(Records shown begins)
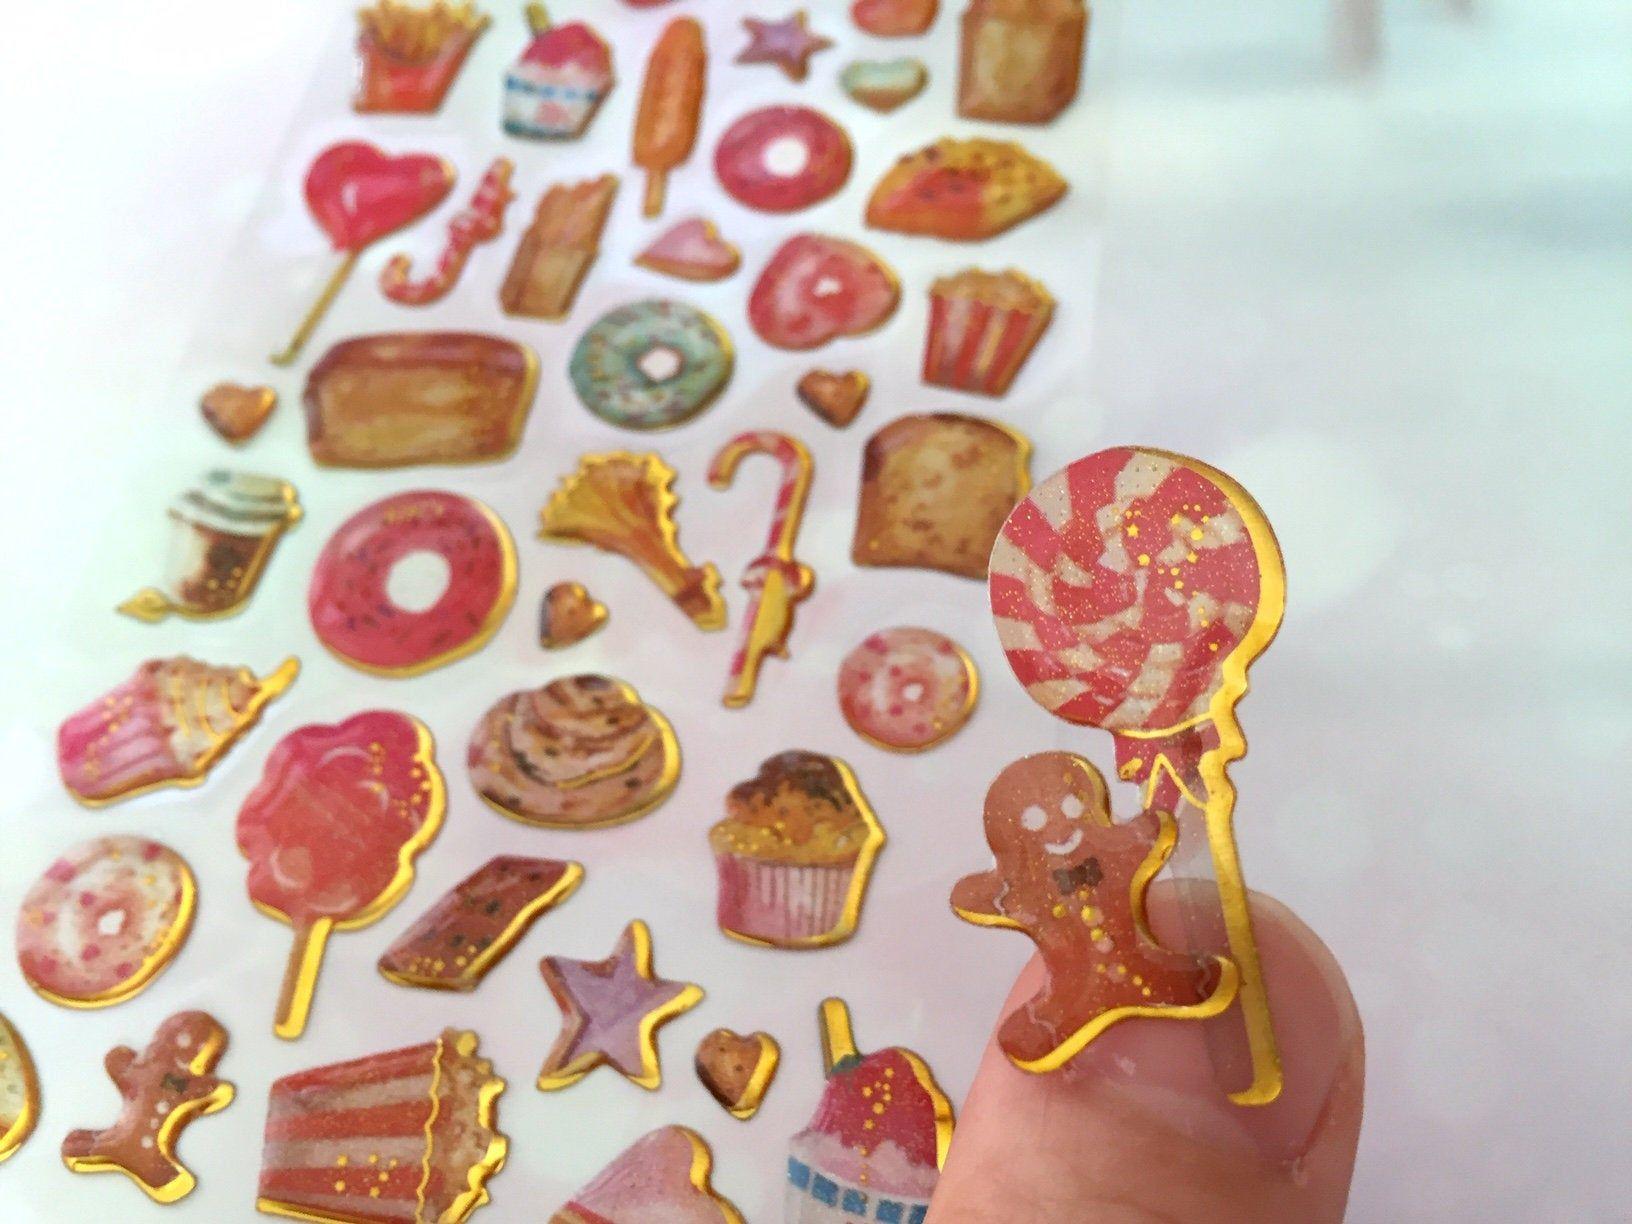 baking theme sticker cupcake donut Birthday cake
(Records shown ends)
(Records shown begins)
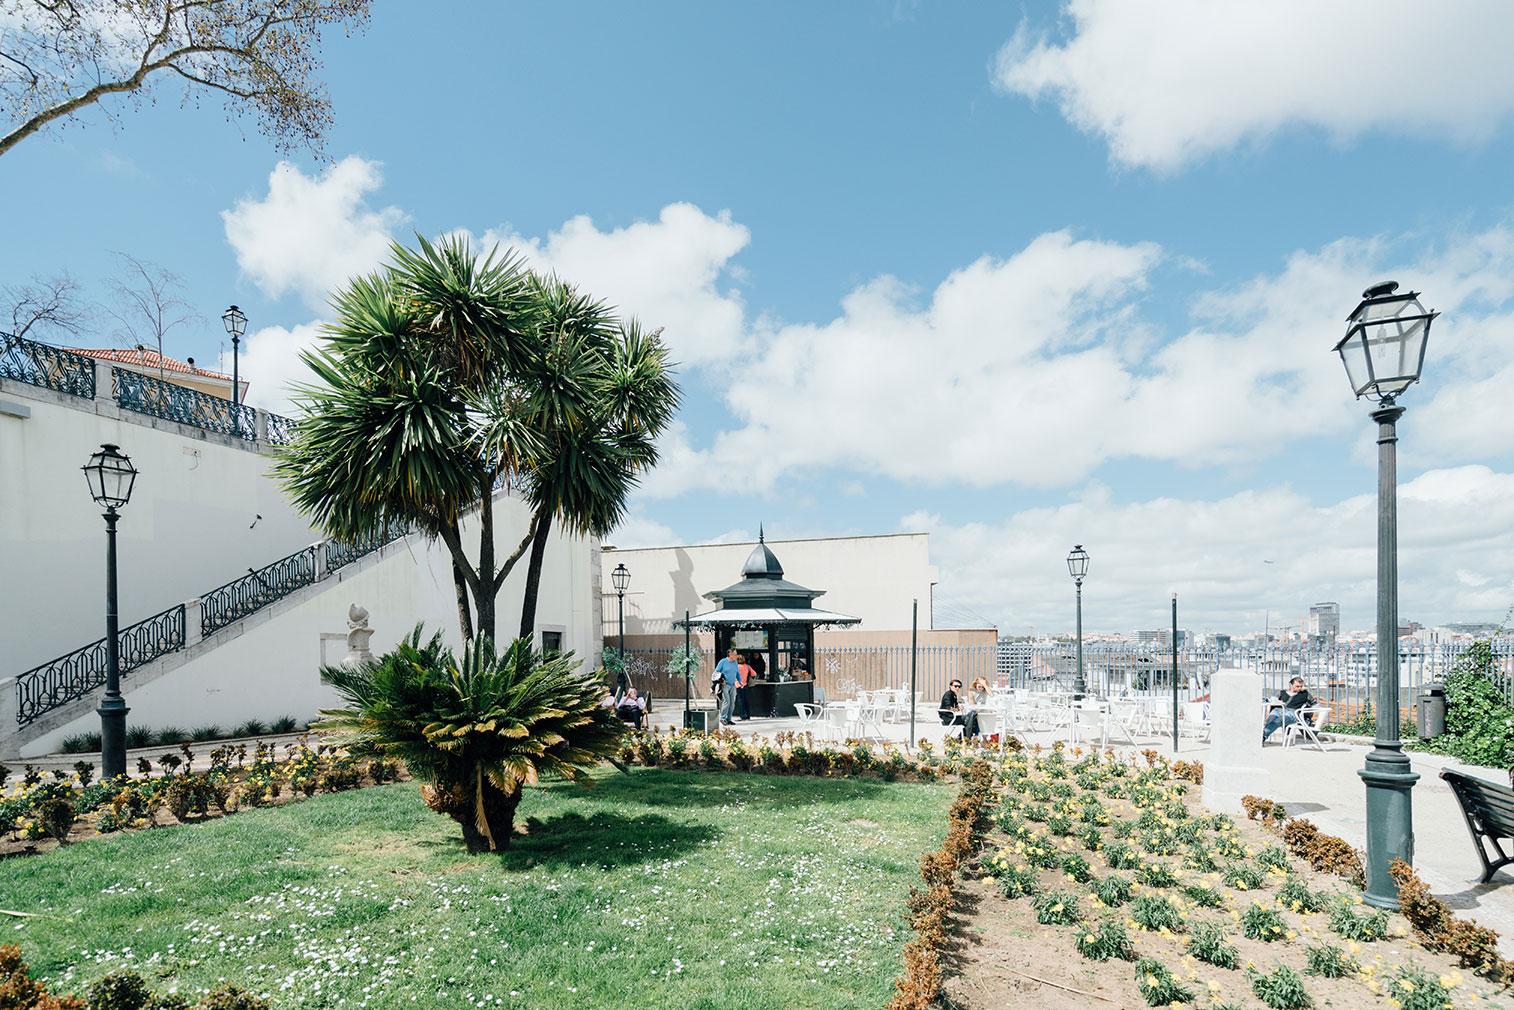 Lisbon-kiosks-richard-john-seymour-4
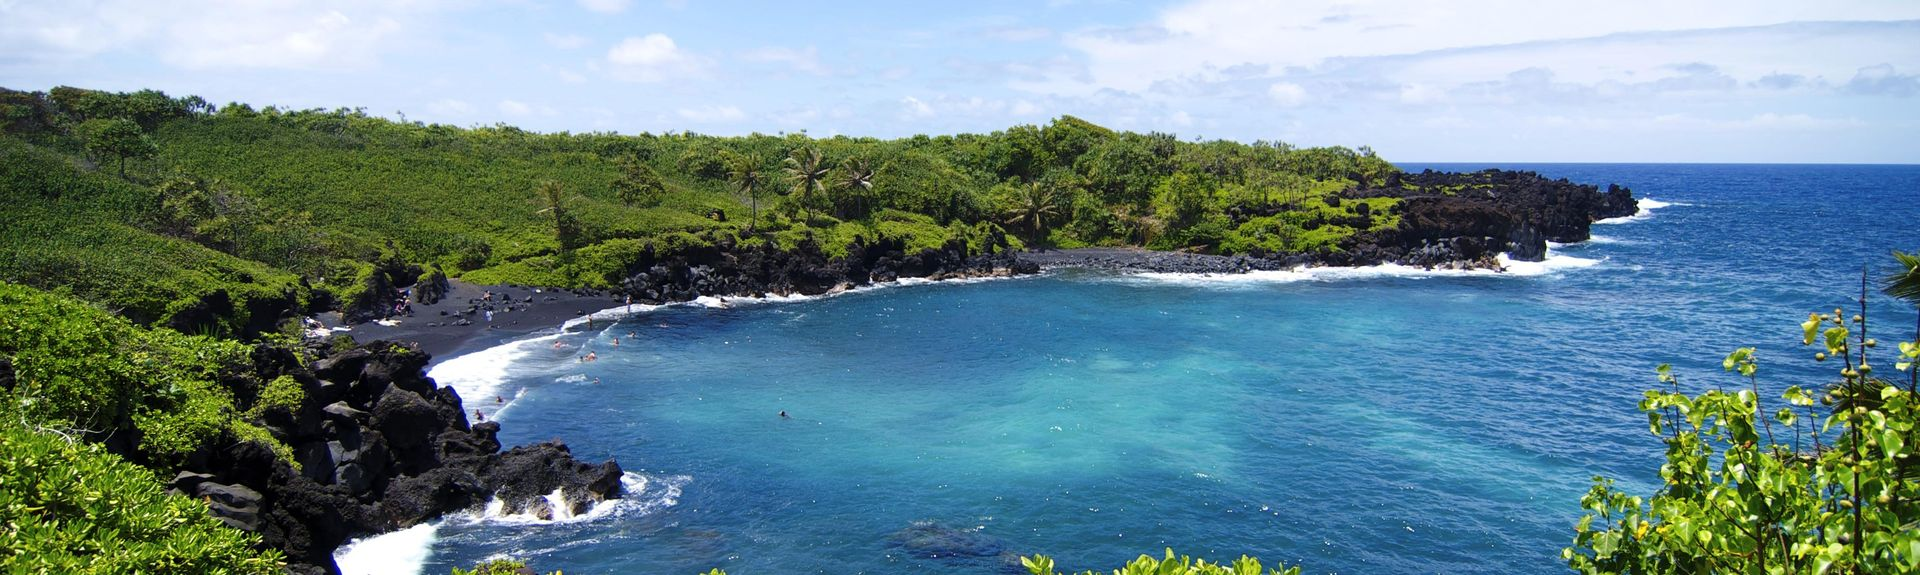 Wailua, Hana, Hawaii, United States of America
(Records shown ends)
(Records shown begins)
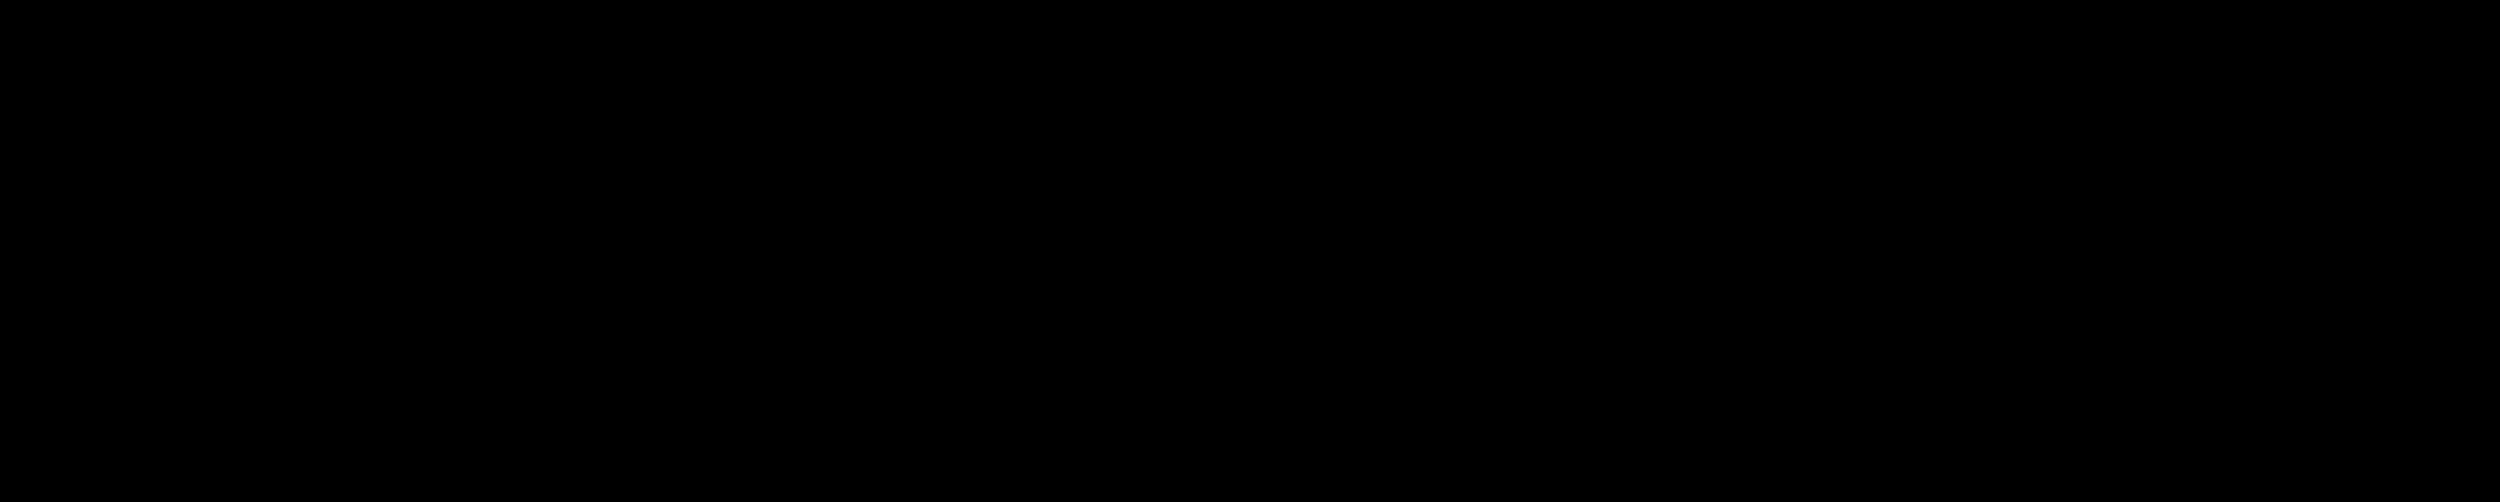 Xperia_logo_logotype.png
(Records shown ends)
→ **Task item**
What to print is the stretch of entries from the line with "Lisbon-kiosks-richard-john-seymour-4" up to and including the line with "Wailua, Hana, Hawaii, United". Please print it exactly and leave out the pictures.

→ **Answer to this task**
 Lisbon-kiosks-richard-john-seymour-4
 Wailua, Hana, Hawaii, United States of America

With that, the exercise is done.